I also looked at Elizabeth Losh’s article “Hacktivism and the Humanities: Programming Protest in the Era of the Digital University.” Losh notes the institutional dynamics of digital humanities work that challenges the distinction between activism and scholarship. Digital projects such as the undocumented immigrant mapping project seem to make this line especially problematic, as they “create slippage in delineating the difference between ‘personal views’ and professional expertise and also raise questions about what constitutes a ‘criminal act’ when computer algorithms perform their unit operations automatically and highly efficient digital distribution systems produce cascading effects not possible to execute from a single computer.”

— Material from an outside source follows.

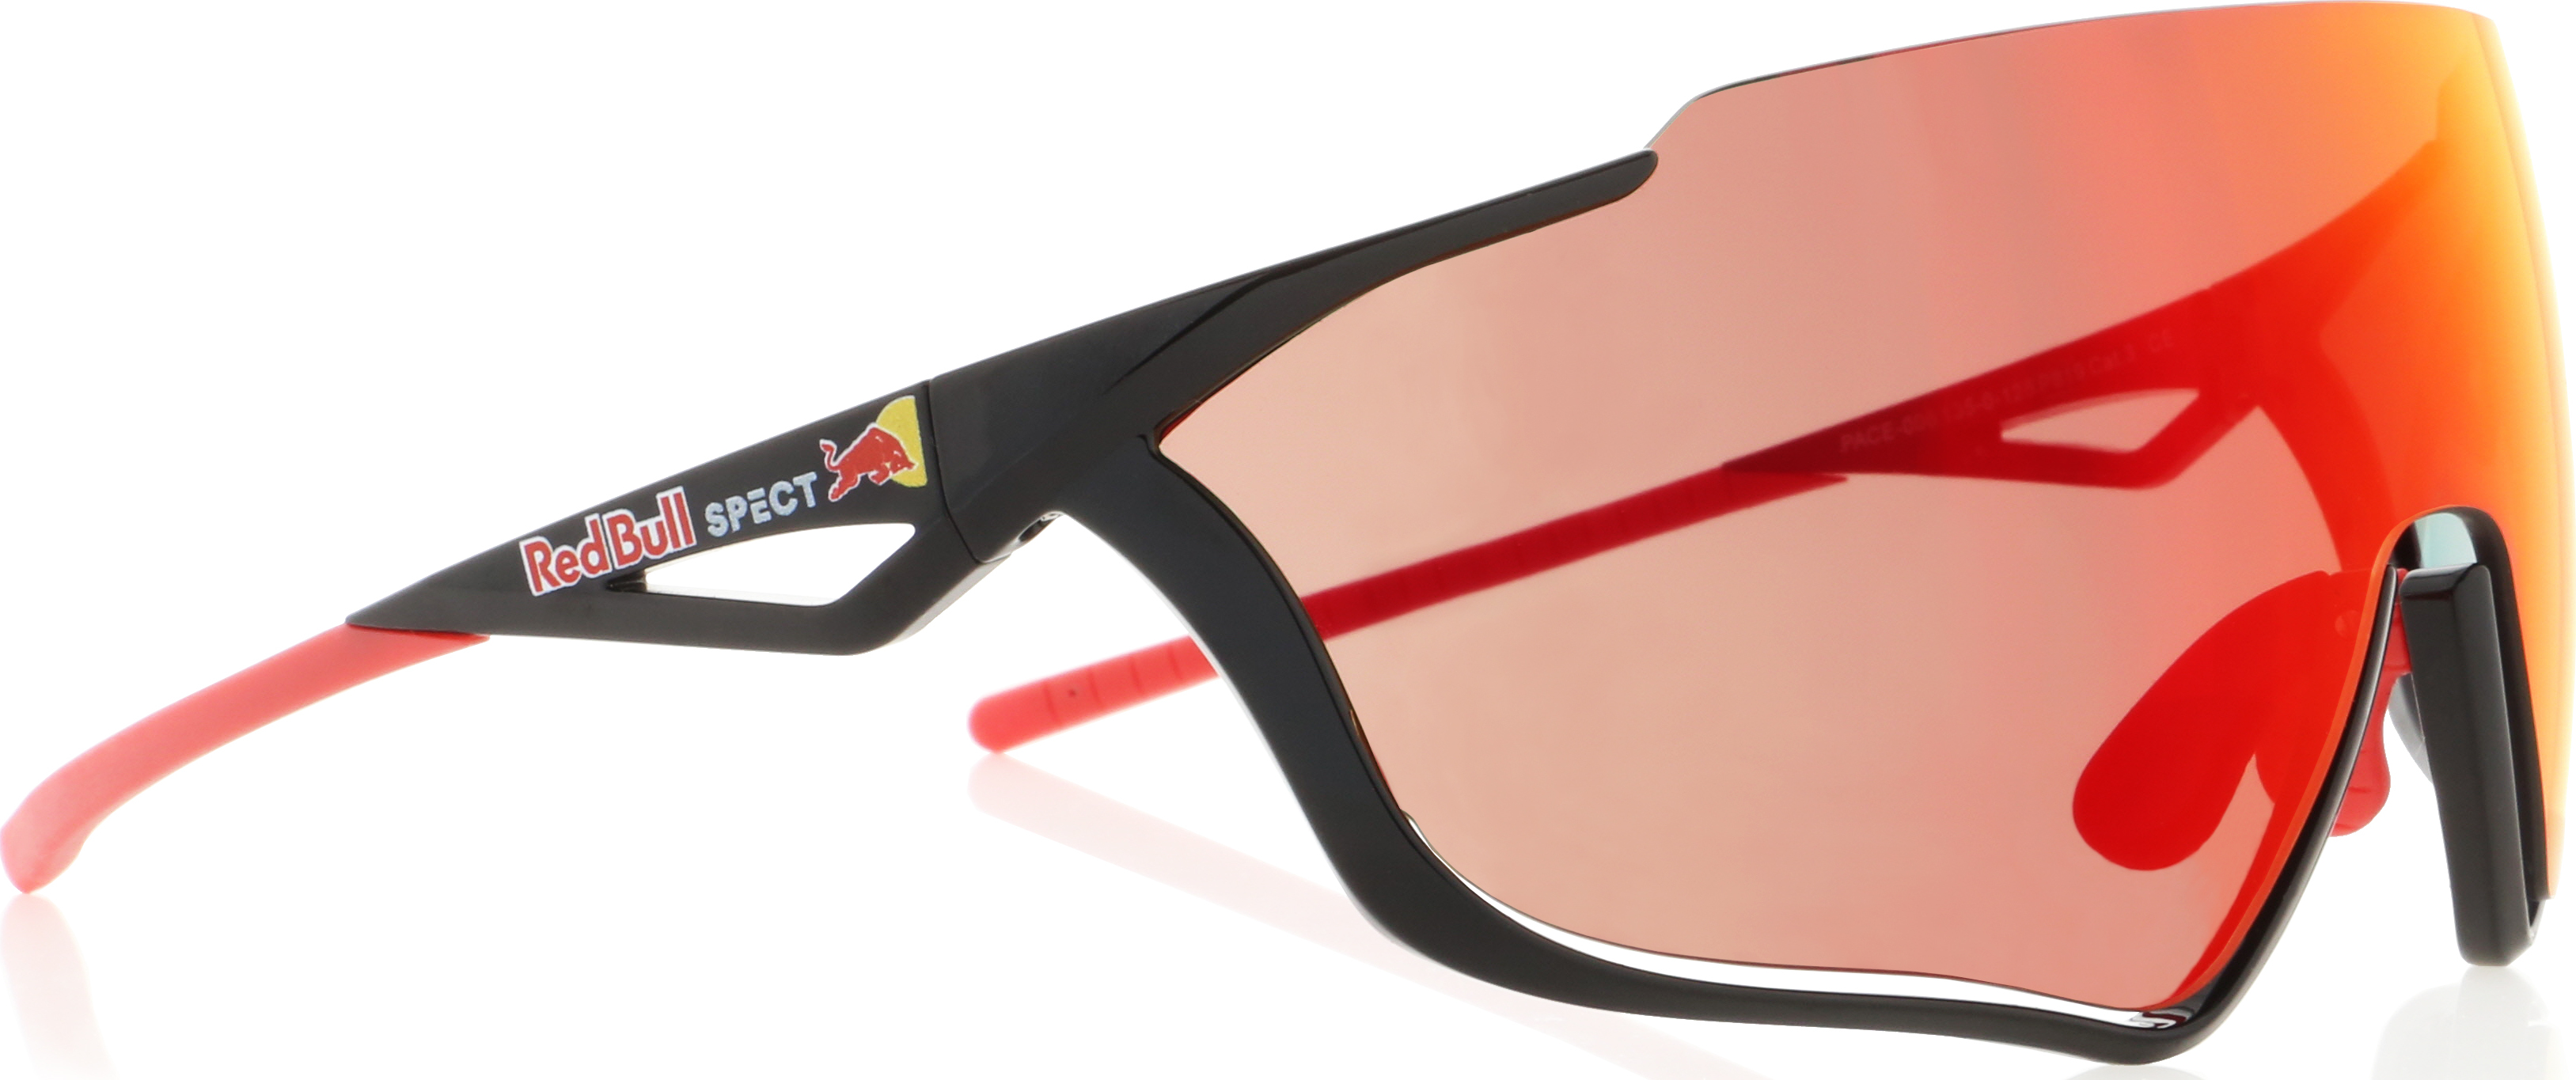 Red Bull Spect Pace Black/Smoke with Red Mirror

What seems to be notable in cases like Dominguez’s project is the way in which university IT policies could be used as authorizing discourses for university administrators seeking to challenge these kinds of radical digital projects. They can be used as cudgels against claims of academic freedom by associating academic work with disruptive “hacktivism” and improper use of university resources. In addition to the usual challenges associated with digital humanities work stemming from with lack of recognition by tenure and promotion boards, collective authorship, and securing funding for digital work, the politics of digital activism through university technological resources poses another challenge for humanities scholars engaging in these kinds of extra-textual projects. In addition, the public nature of this work makes digital interventions easy targets for controversy and Fox News “liberal academic” bashing. As Losh notes, when scholars move into the arena of digital activism, “the attention goes to the programmer’s identity as a hacker, rather than as a member of the academy, even though such conduct may be both socially useful and morally justified and thus fully in keeping with the university’s mission to serve the public.”
One extra-textual project that has similarly created public controversy is FemTechNet’s Wikistorming Project. As many of us already know, the Wikistorming project was designed to work with students to edit Wikipedia in order to make “certain women and their contributions to culture are remembered and acknowledged in the digital landscape.”
The project utilized Wikipedia as a pedagogical tool by enabling students to act as Wikipedia contributors. By intervening in the collective knowledge base of Wikipedia, FemTechNet worked to make visible the contributions of women and feminist scholarship. However, the project sparked intense public controversy when it was featured on Fox News as an example of injecting “bias” into the “factual” information on Wikipedia. By critiquing FemTechNet’s Wikistorming as feminist bias, Fox News delegitimized the pedagogical project as a politically-motivated assault on technical reason.
These projects show us the challenges and politics of digital humanities work that blurs the line between scholarship and activism. Losh’s article brings to light the institutional, epistemological, and political challenges of digital humanities work.